Exercise brief: Where a picture appears, leave it out, and transcribe all the lines below exactly.

Information shown:
↓

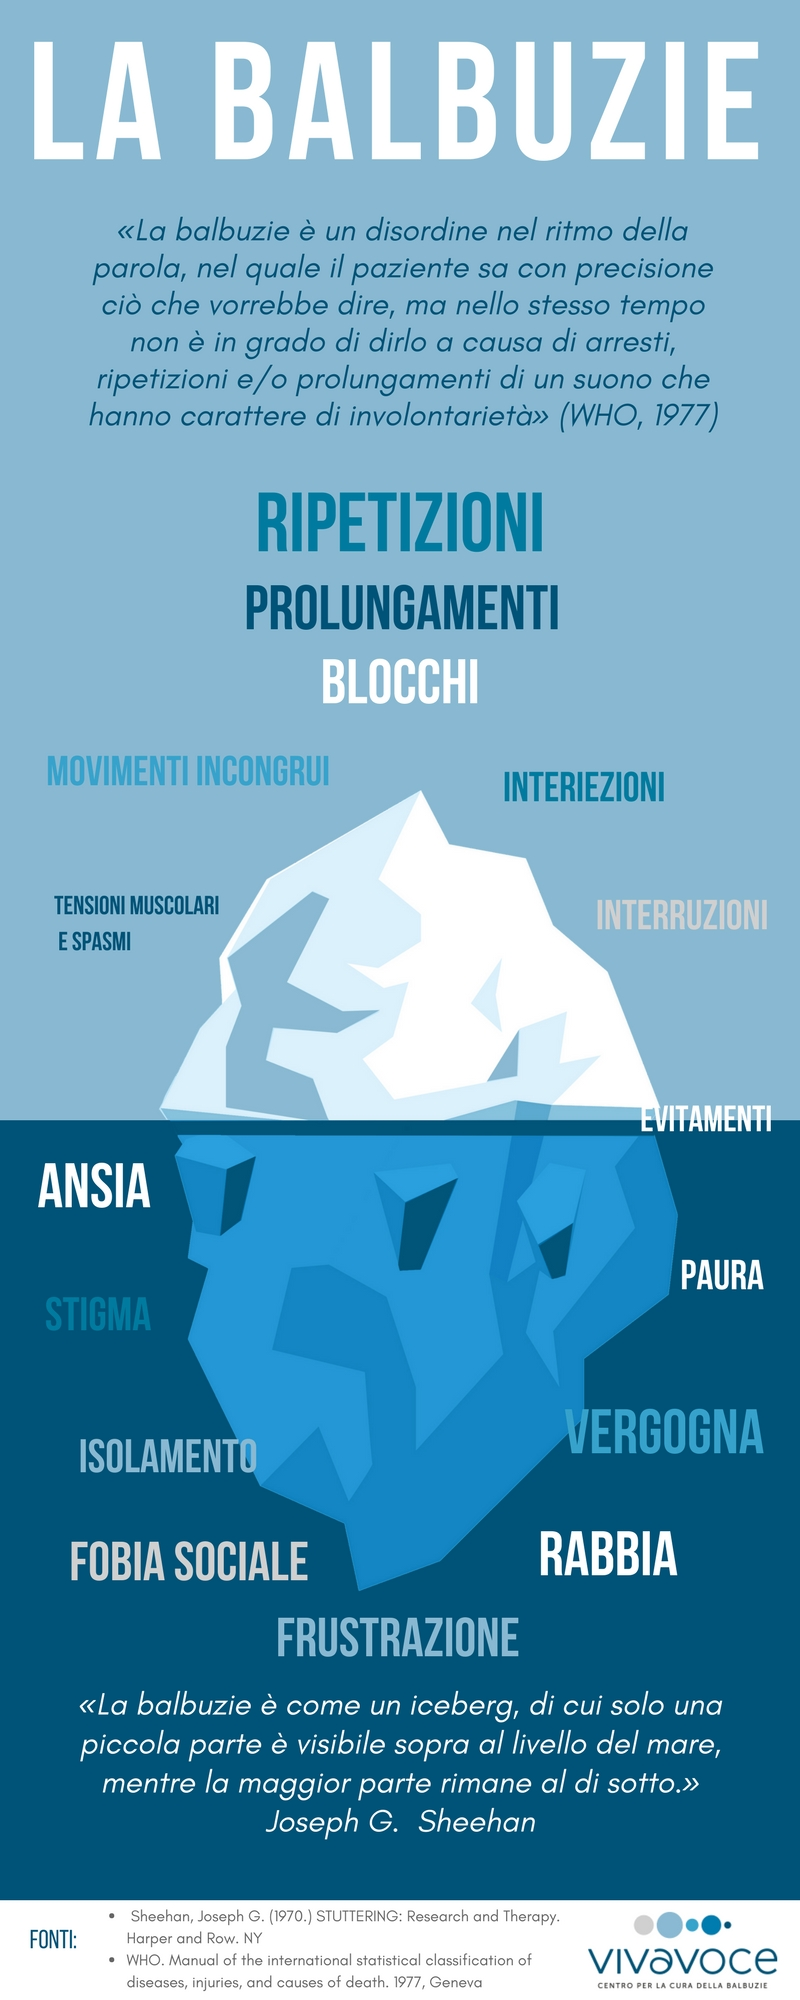 Iceberg della balbuzie - infografica - Vivavoce
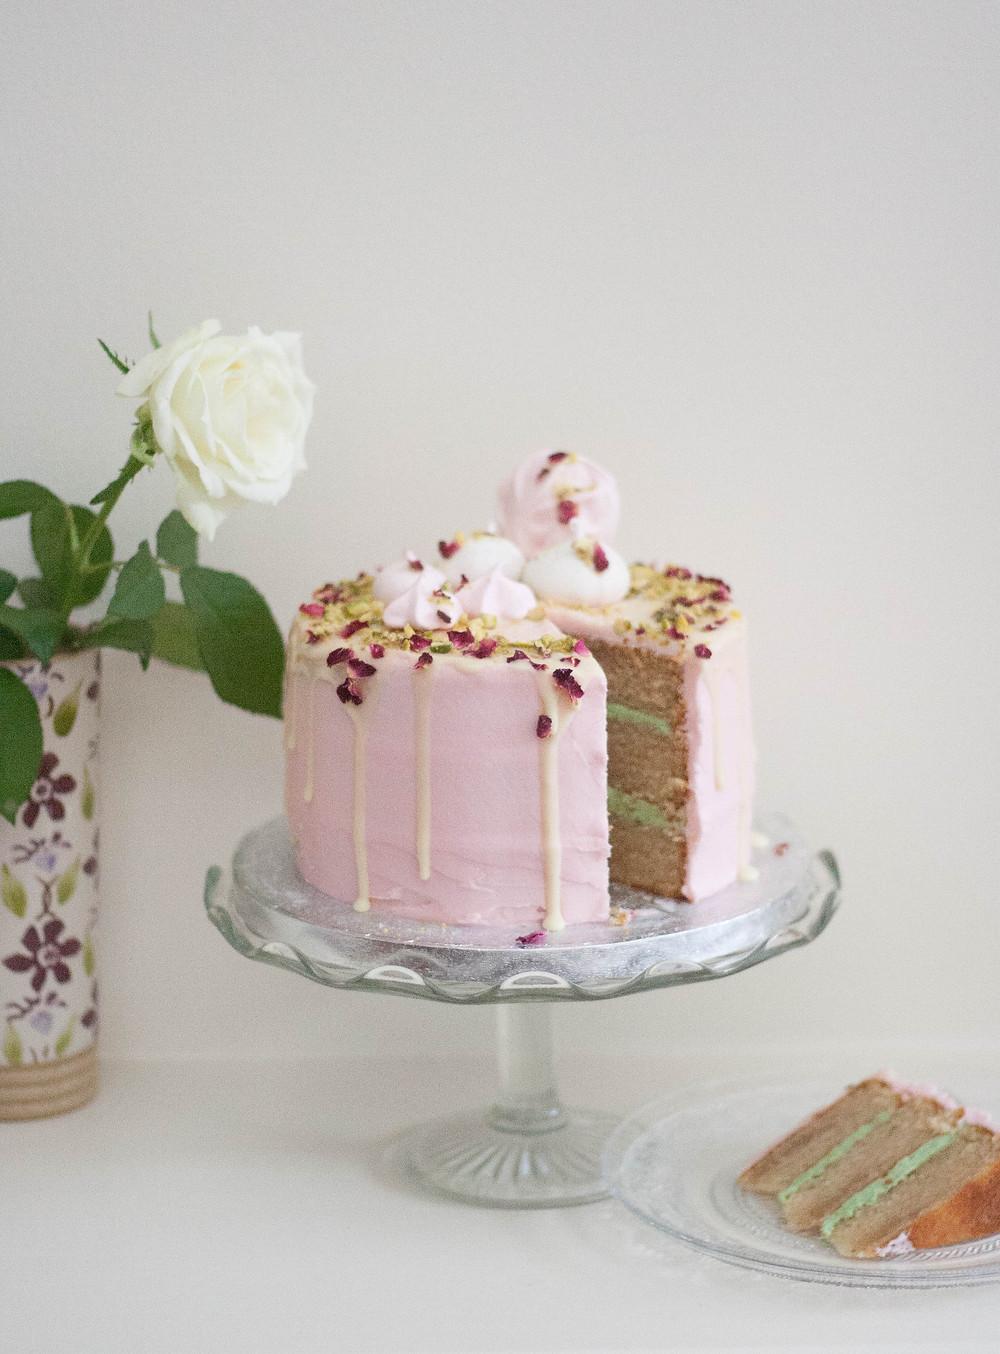 Vegan cardamom rose and pistachio cake
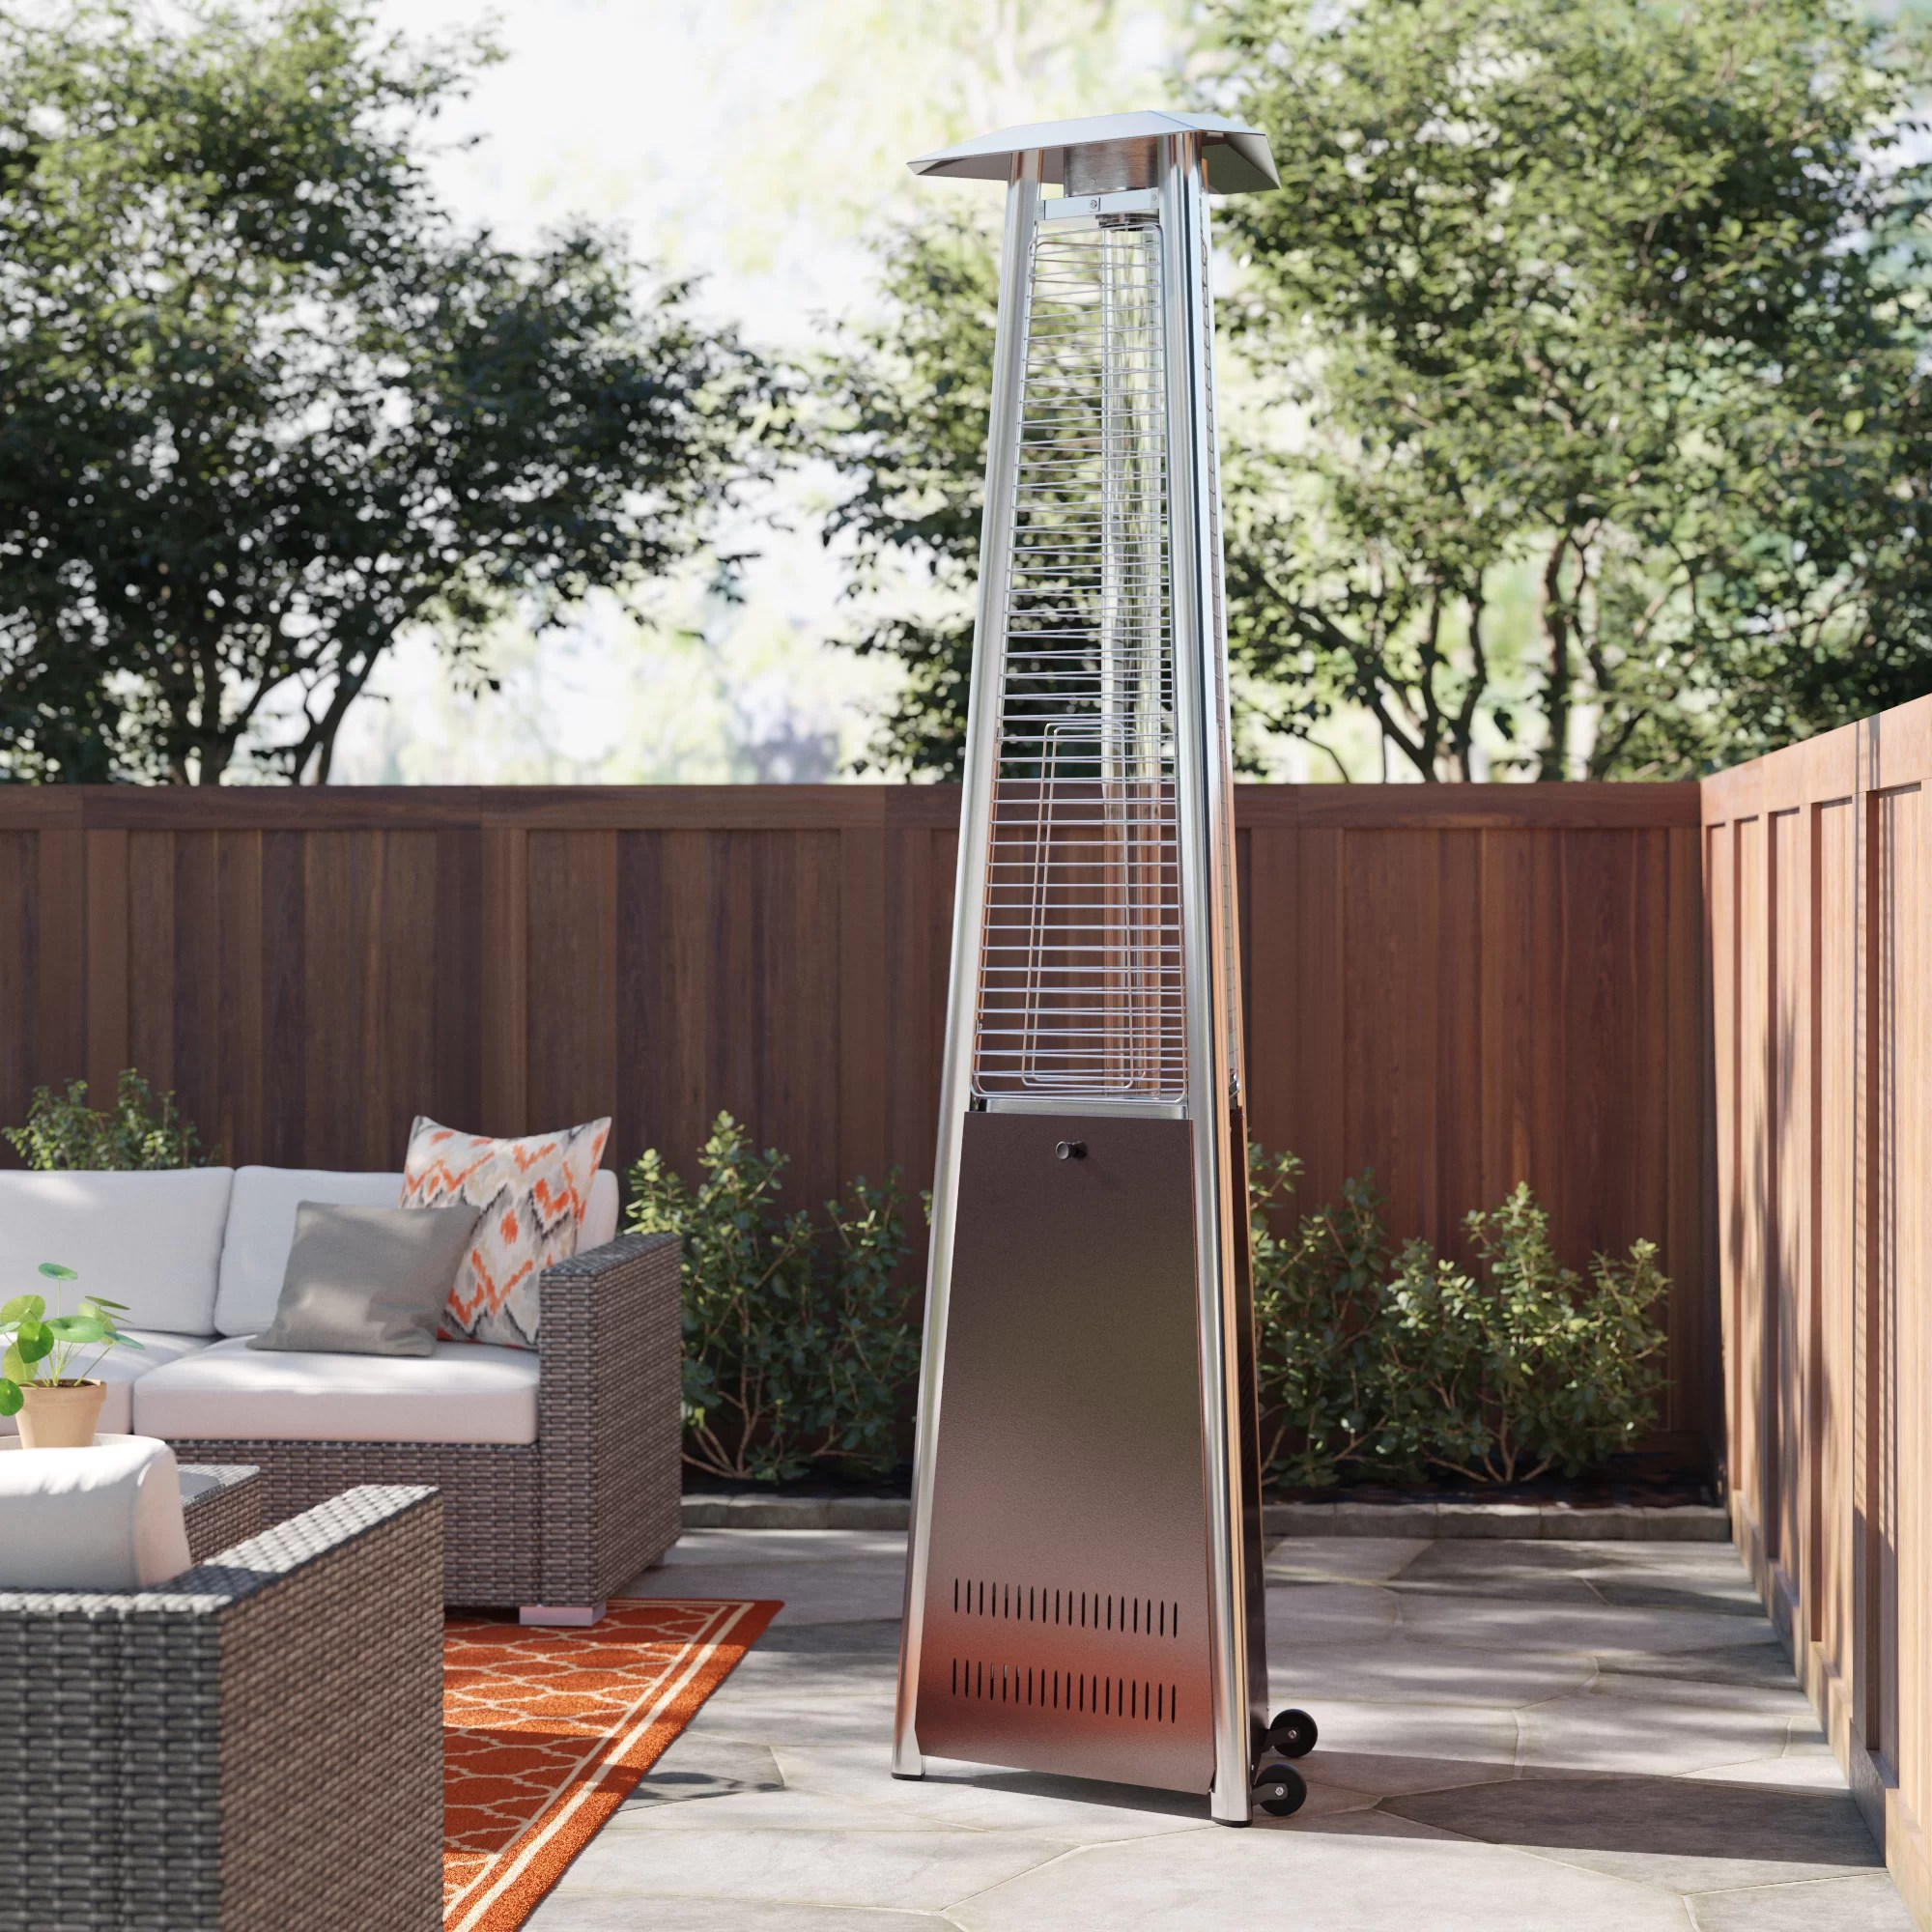 nalston 38000 btu natural gas patio heater

↑

Result below:
 Iceberg della balbuzie - infografica - Vivavoce
 Vegan cardamom rose and pistachio cake
 nalston 38000 btu natural gas patio heater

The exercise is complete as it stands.